- EXERCISE GOAL
With pictures removed, print the listing exactly.

- DATA SHOWN

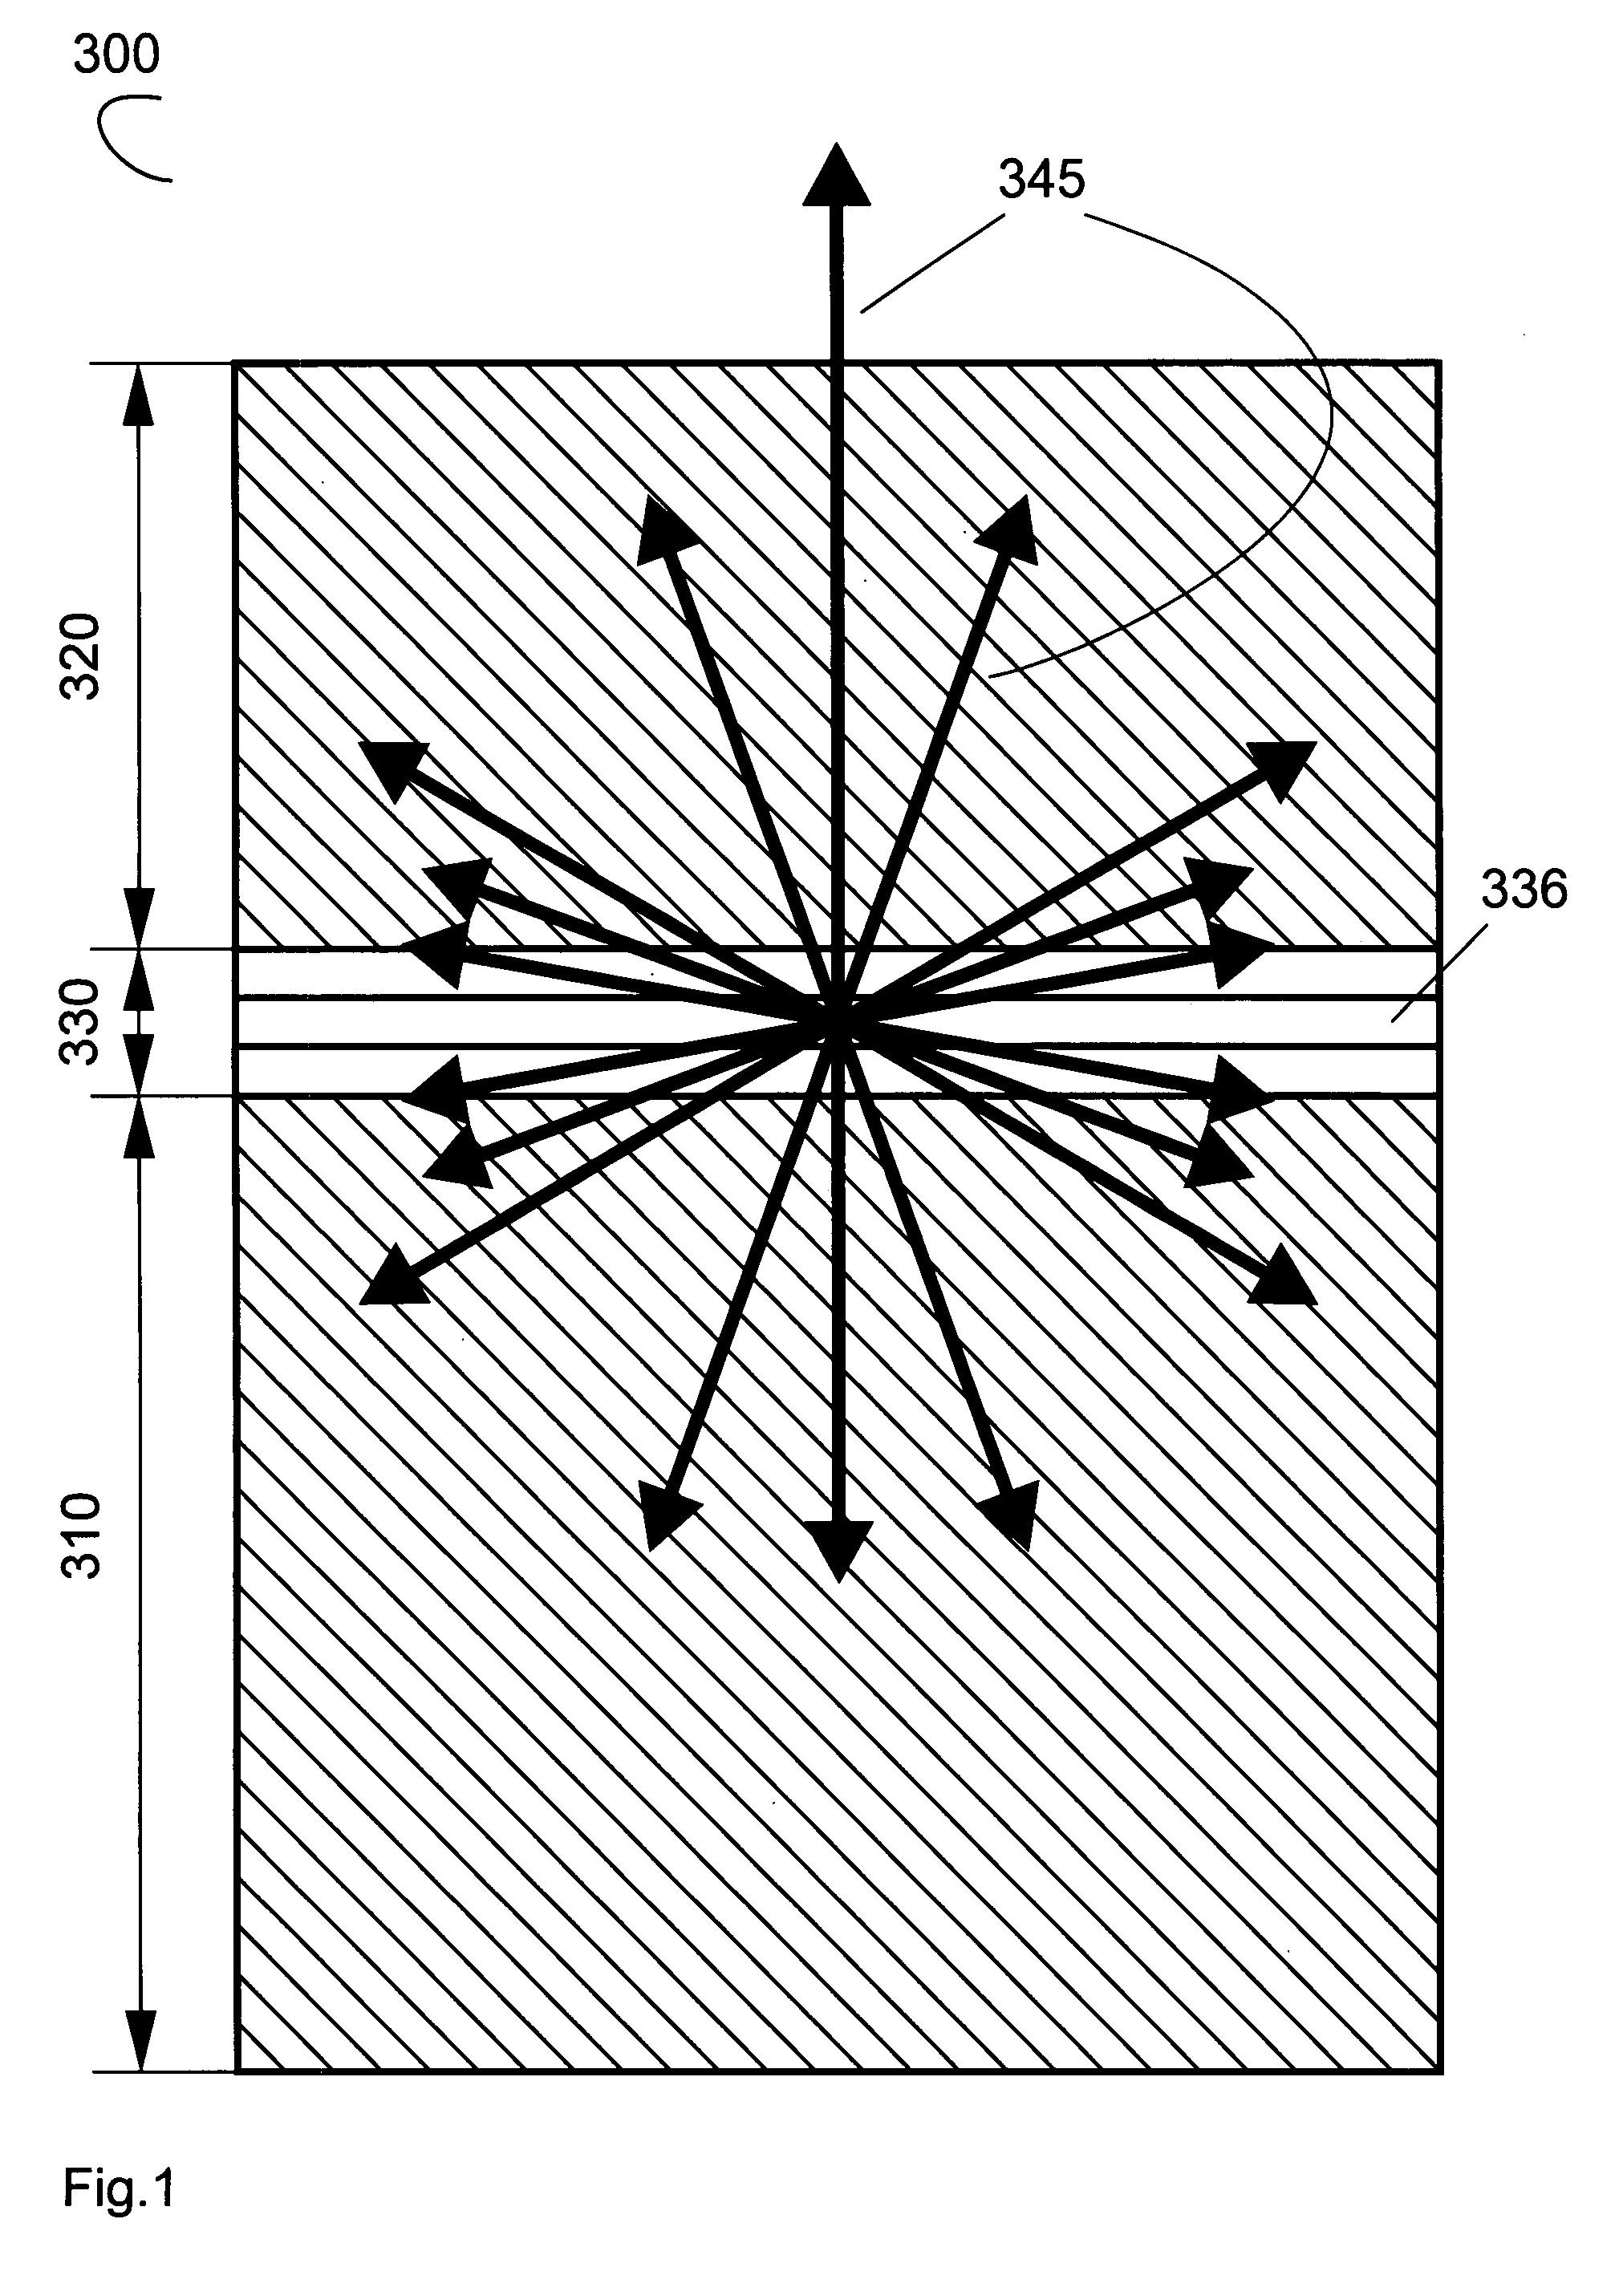 Resonant cavity optoelectronic device with suppressed parasitic modes
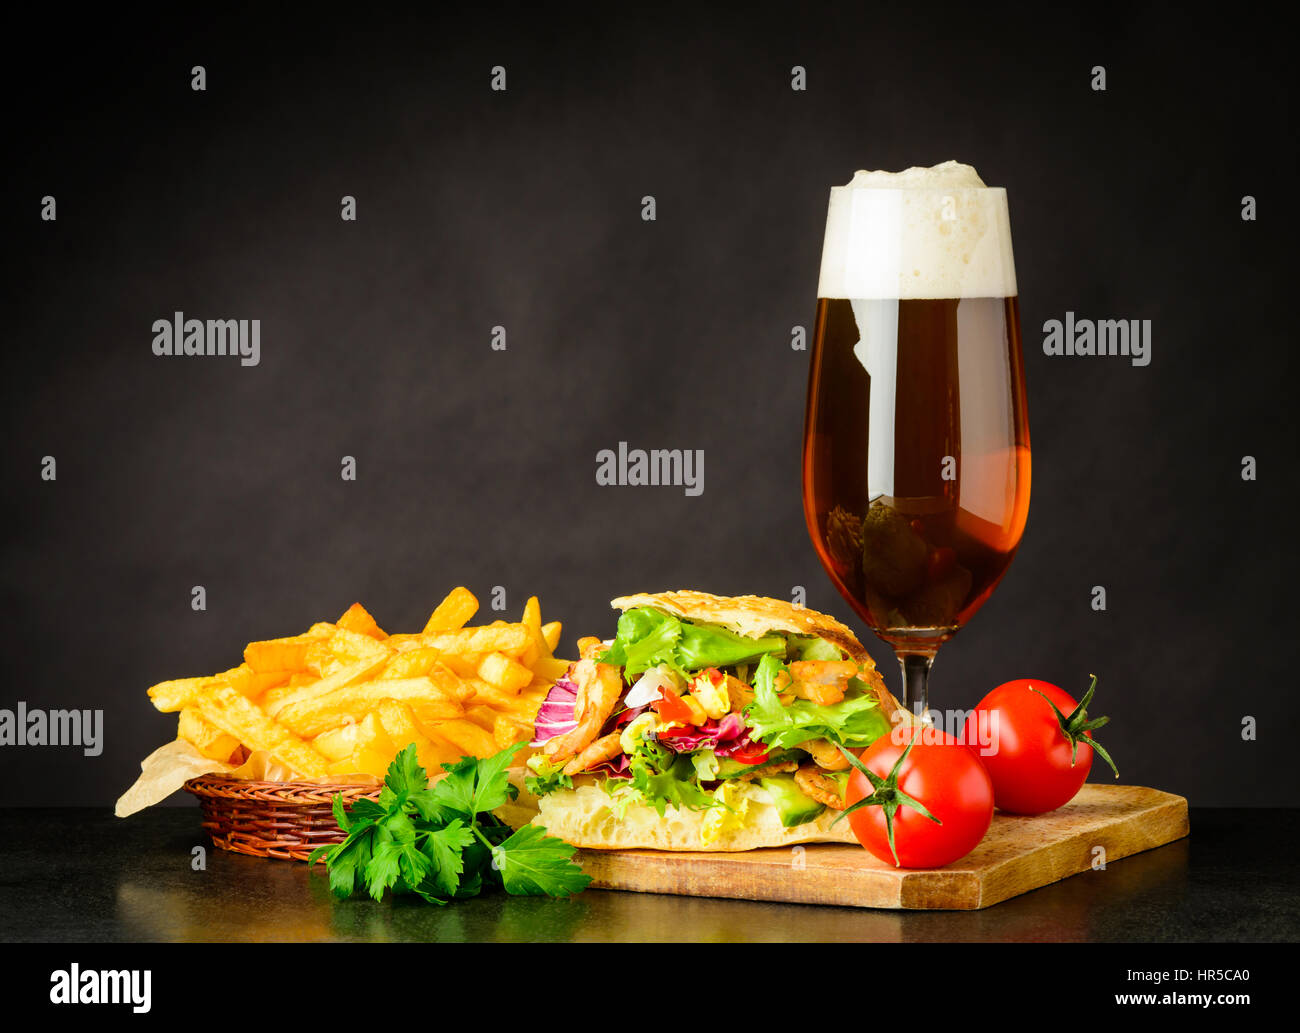 French Fries and Doner Kebap Sandwich with Glass Beer and Fresh Vegetables Stock Photo
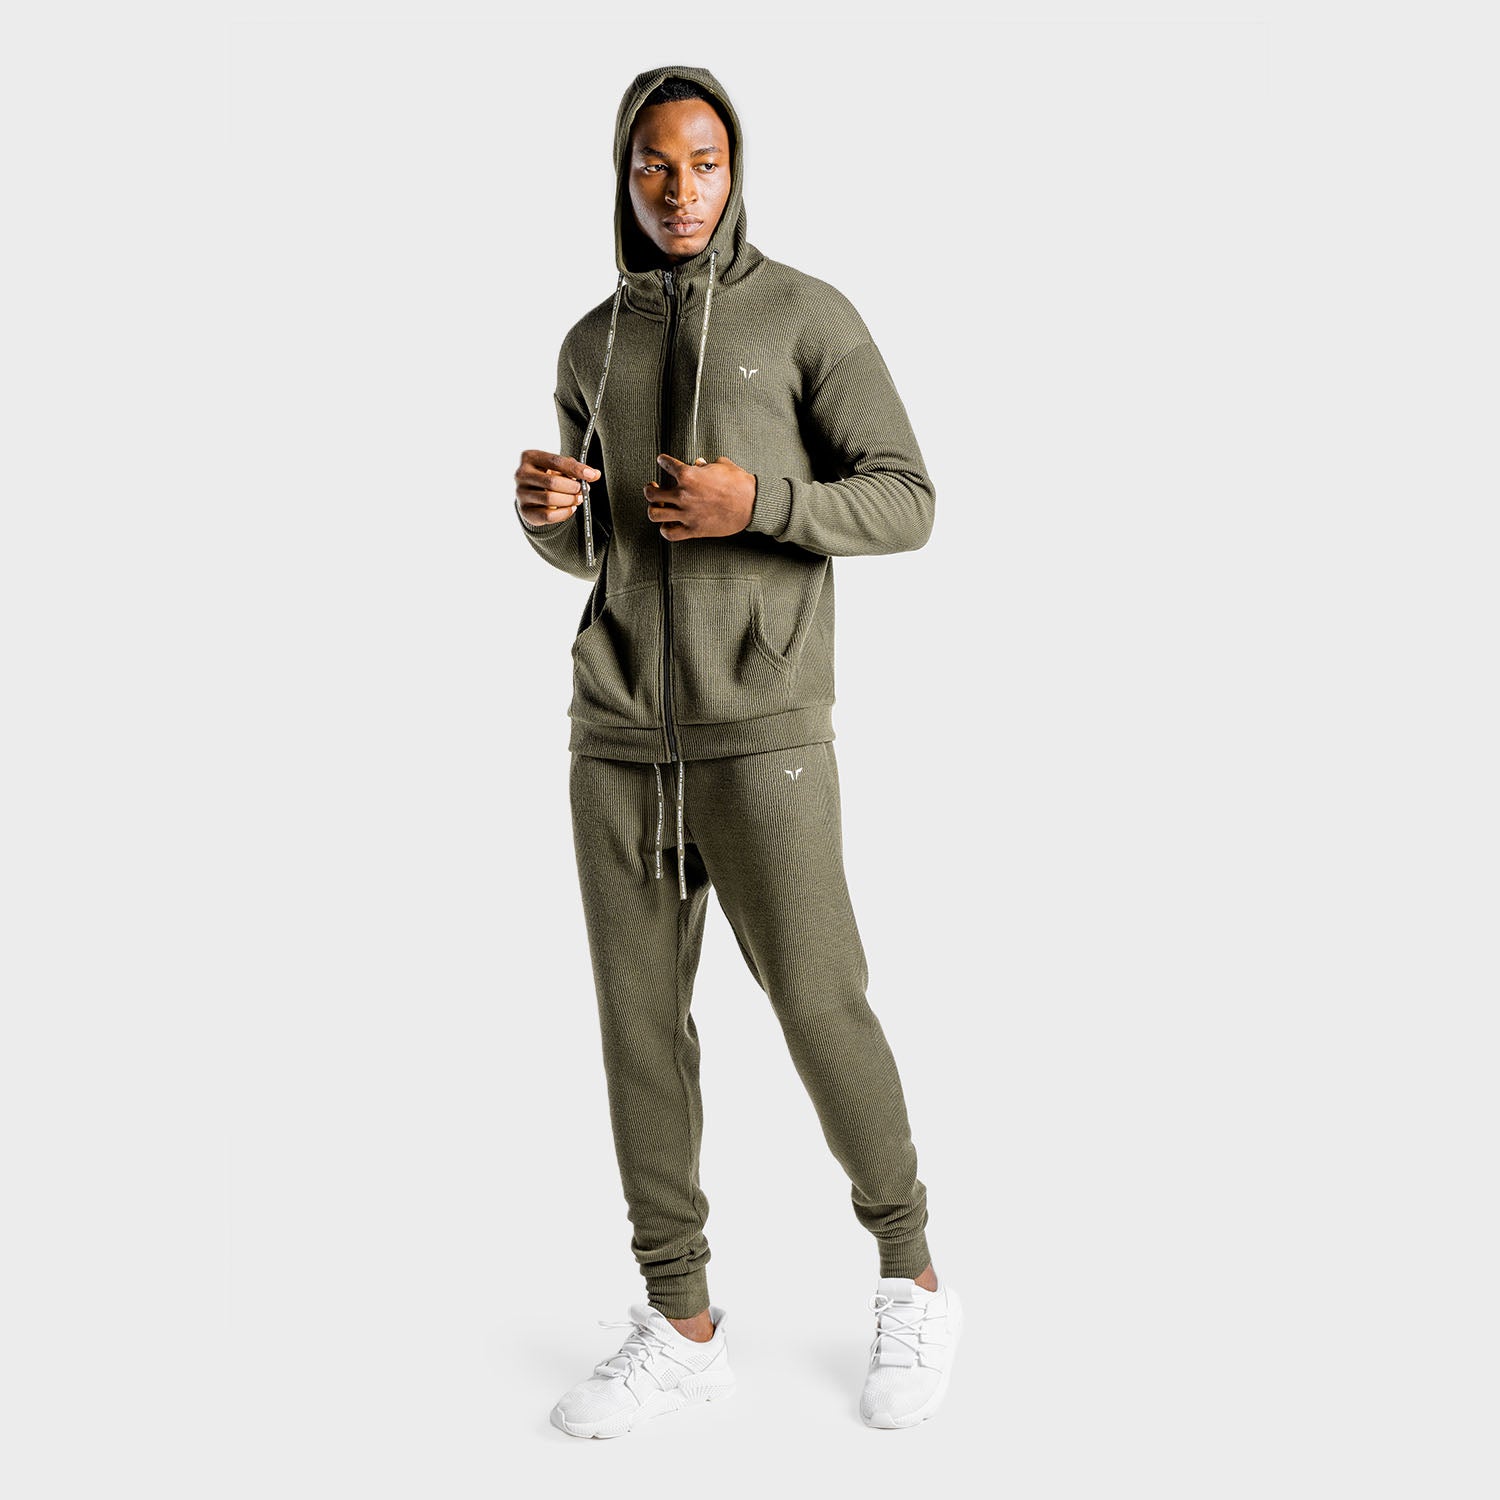 squatwolf-workout-hoodies-for-men-luxe-zip-up-olive-gym-wear

- SOLUTION TO THIS PROBLEM
 Resonant cavity optoelectronic device with suppressed parasitic modes
 French Fries and Doner Kebap Sandwich with Glass Beer and Fresh Vegetables Stock Photo
 squatwolf-workout-hoodies-for-men-luxe-zip-up-olive-gym-wear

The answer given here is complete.